Instructions to follow: Give the listing again word for word. Skip the pictures.

Source data:
▼

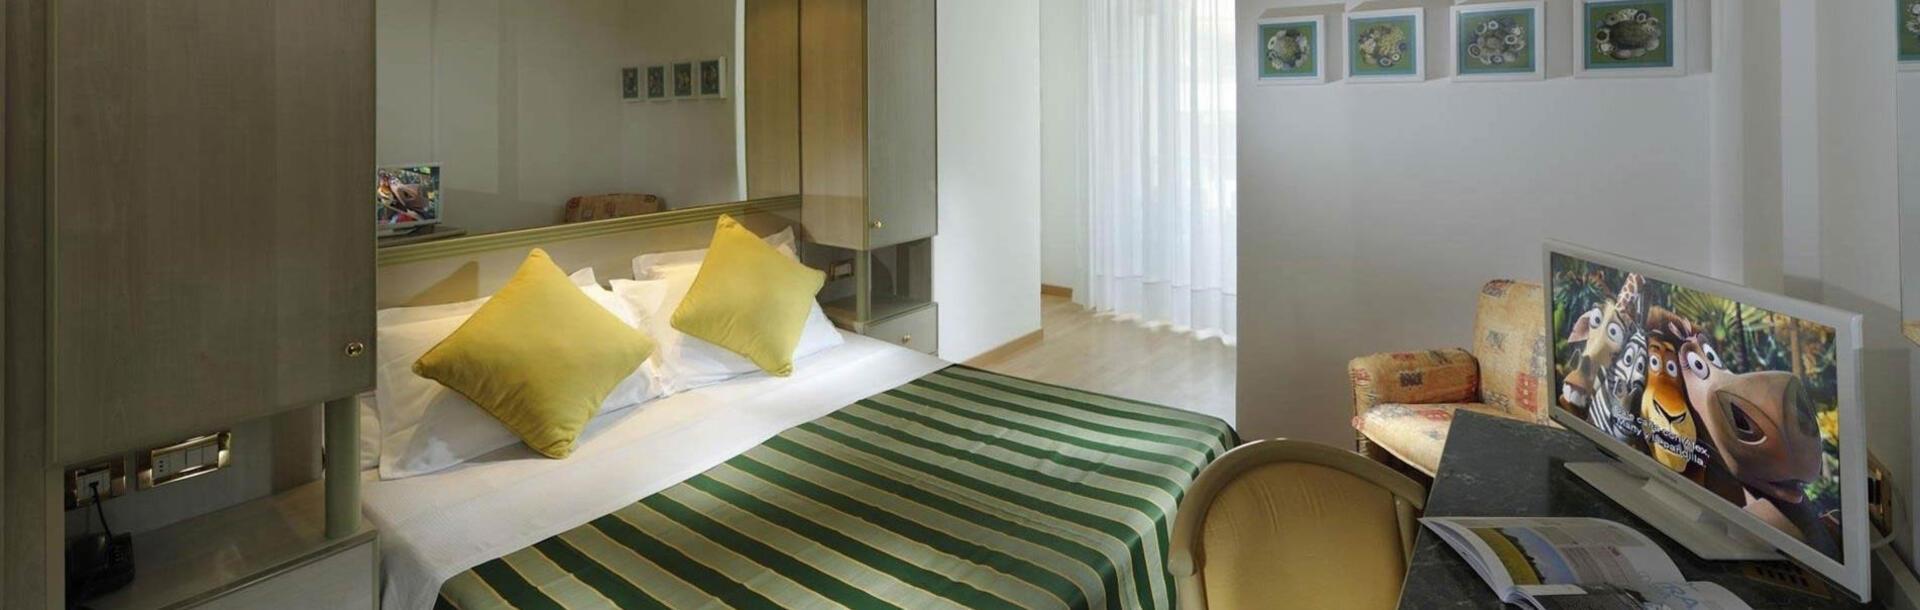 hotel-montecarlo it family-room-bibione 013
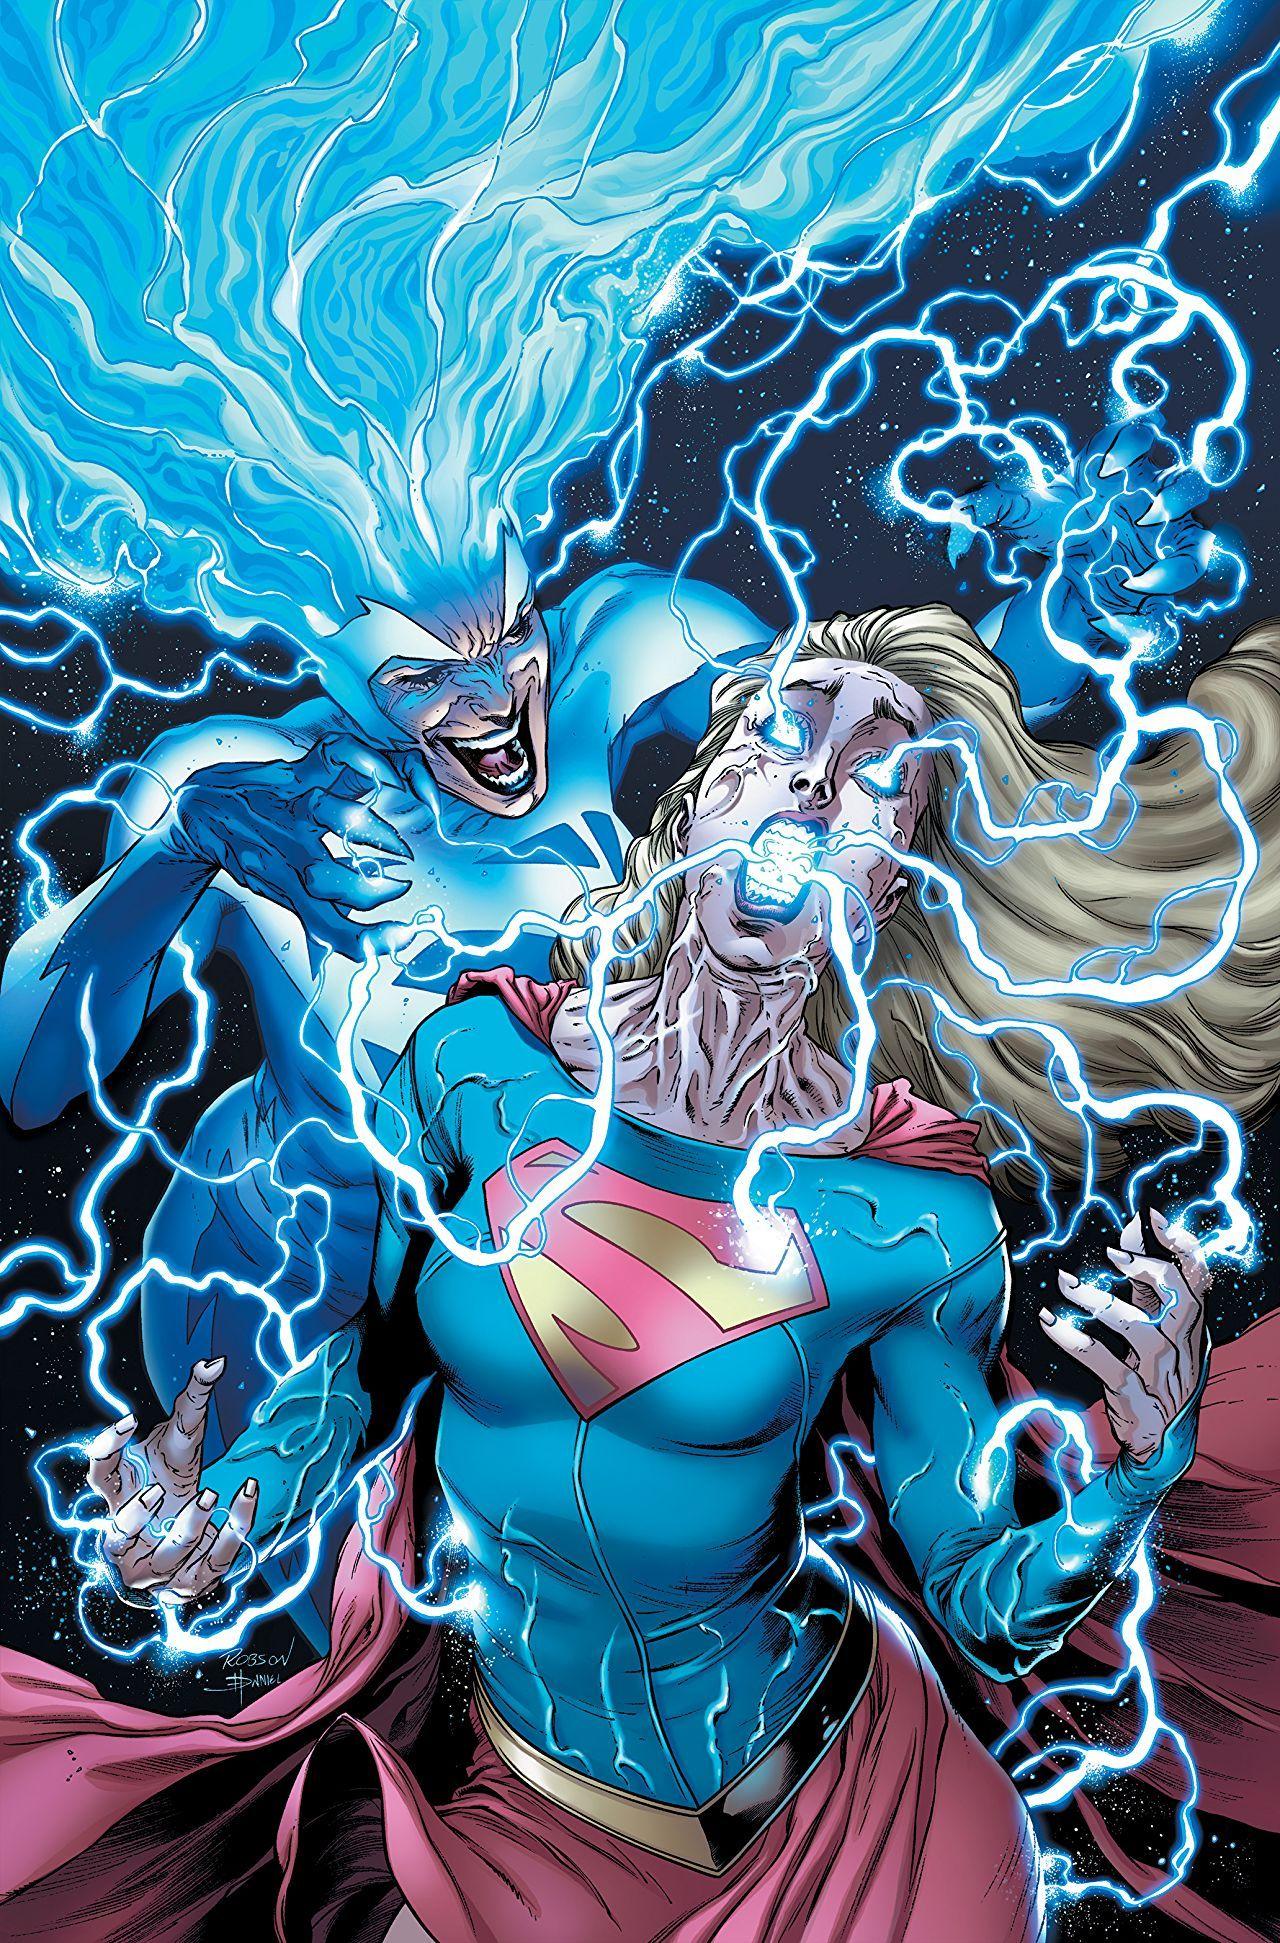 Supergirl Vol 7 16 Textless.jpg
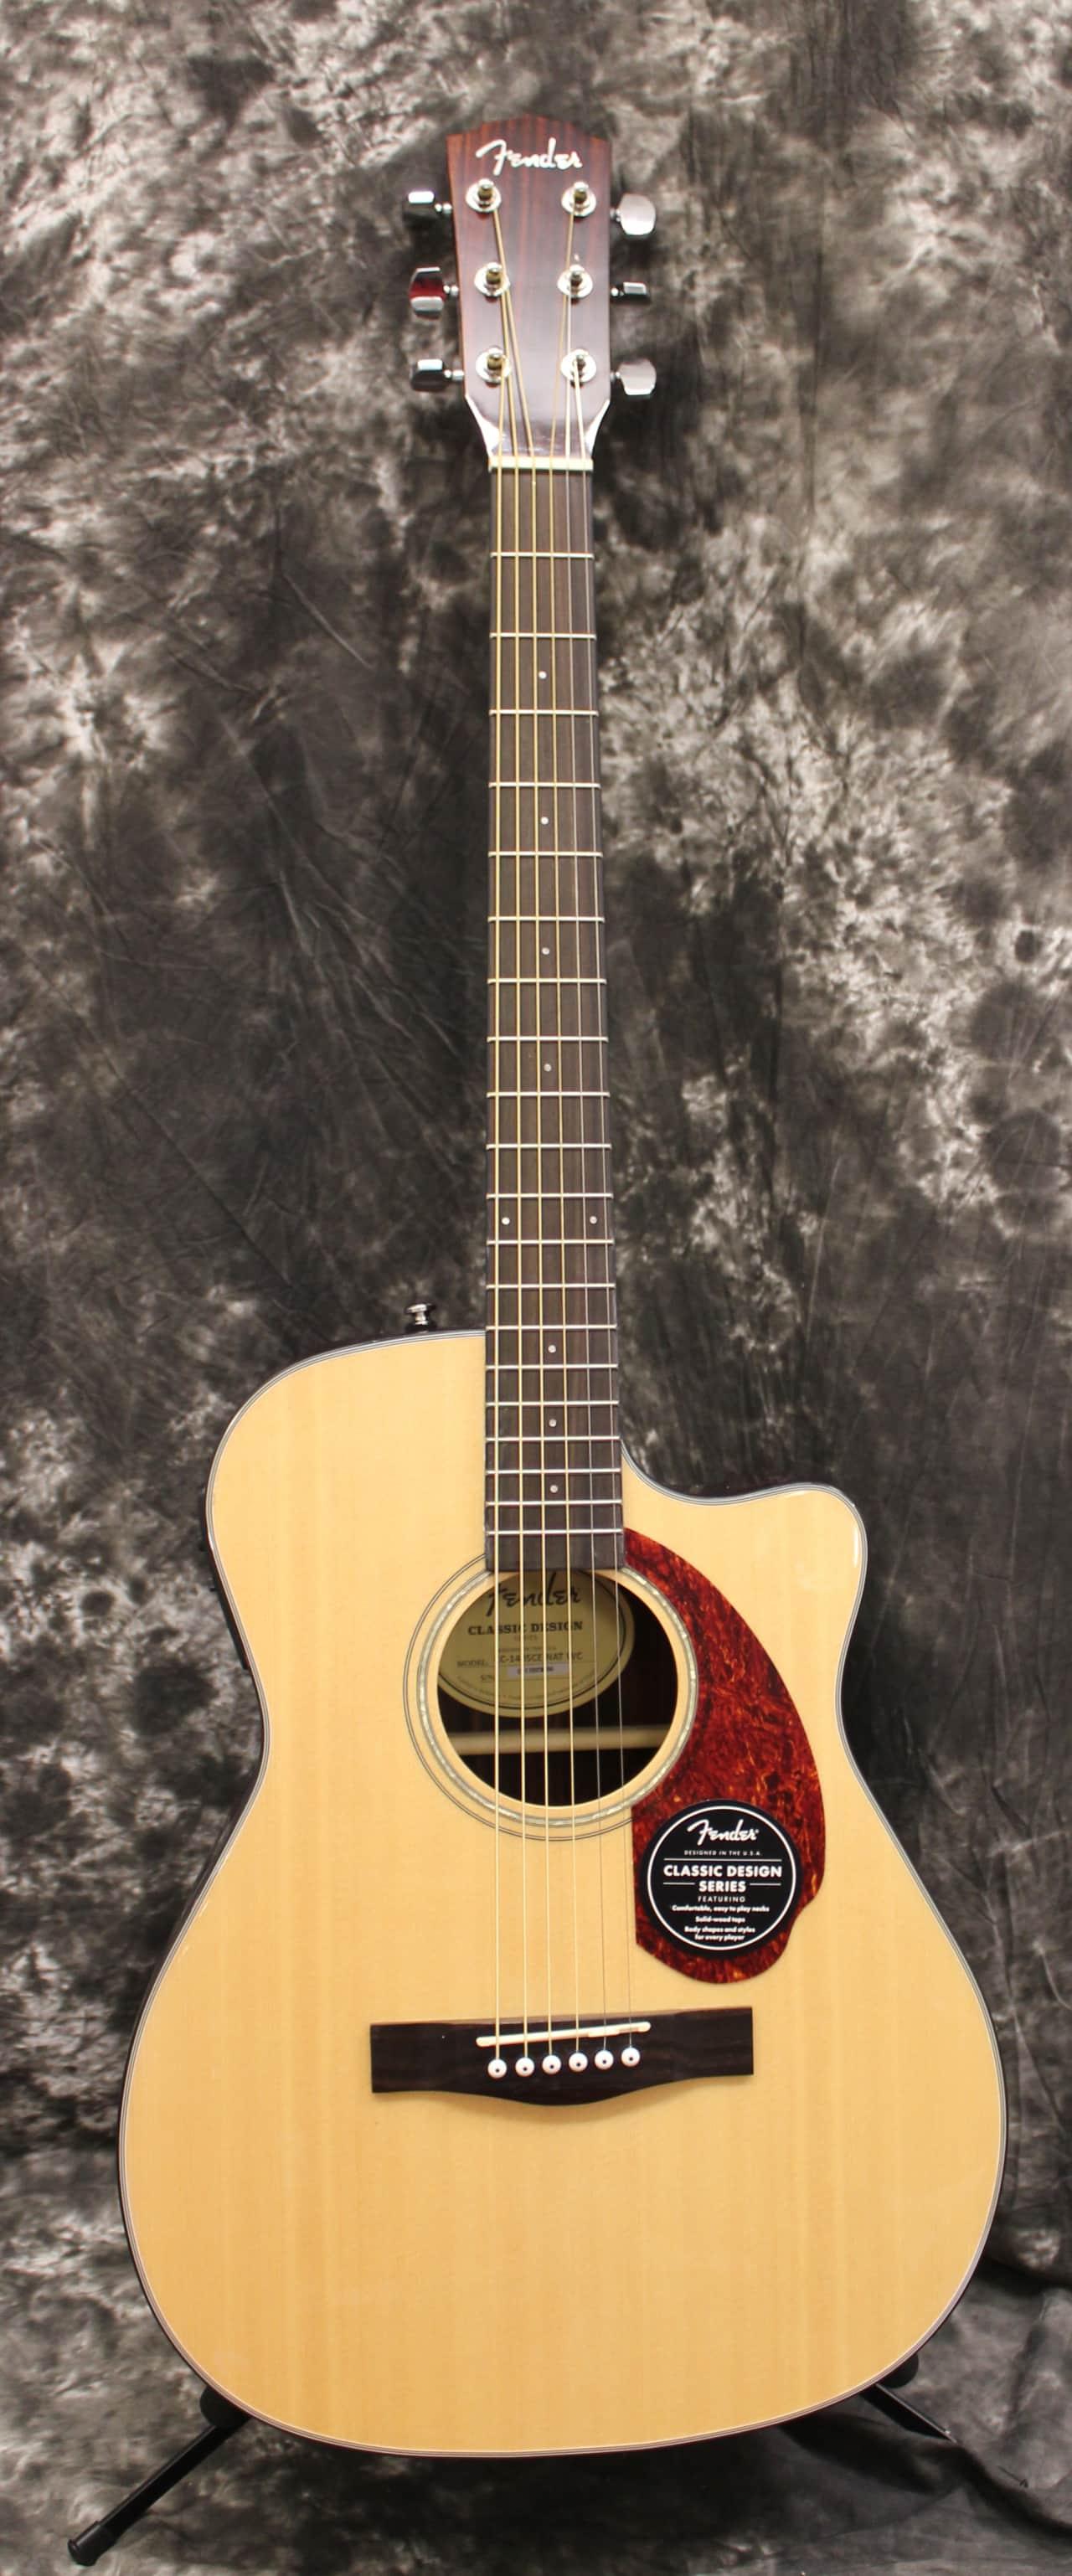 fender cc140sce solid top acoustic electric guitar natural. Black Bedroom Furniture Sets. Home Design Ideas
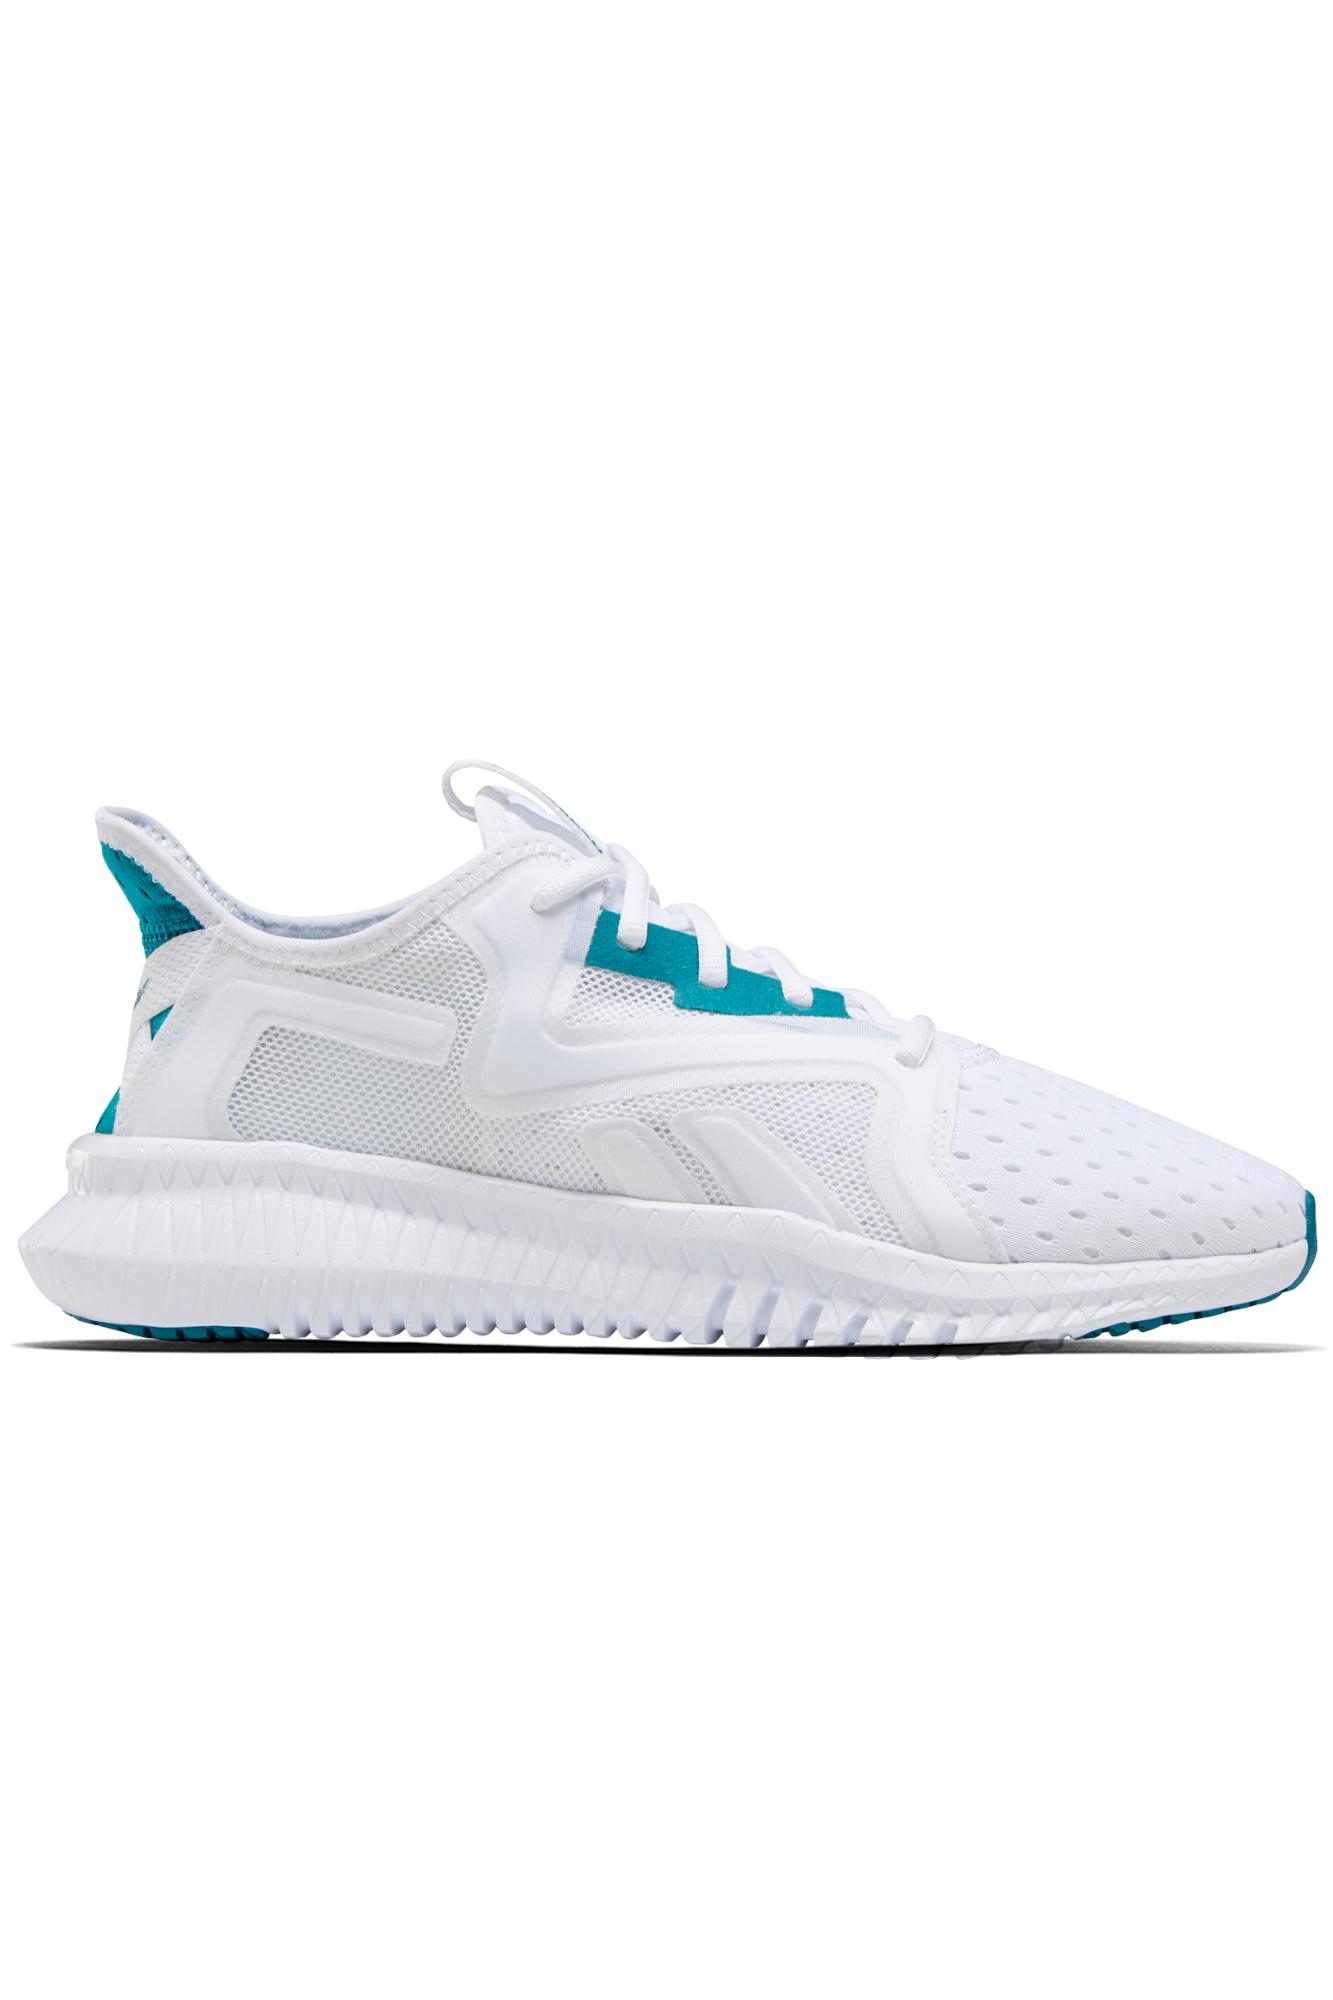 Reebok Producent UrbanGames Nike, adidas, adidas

▲

Result of the exercise:
 hotel-montecarlo it family-room-bibione 013
 Supergirl Vol 7 16 Textless.jpg
 fender cc140sce solid top acoustic electric guitar natural. Black Bedroom Furniture Sets. Home Design Ideas
 Reebok Producent UrbanGames Nike, adidas, adidas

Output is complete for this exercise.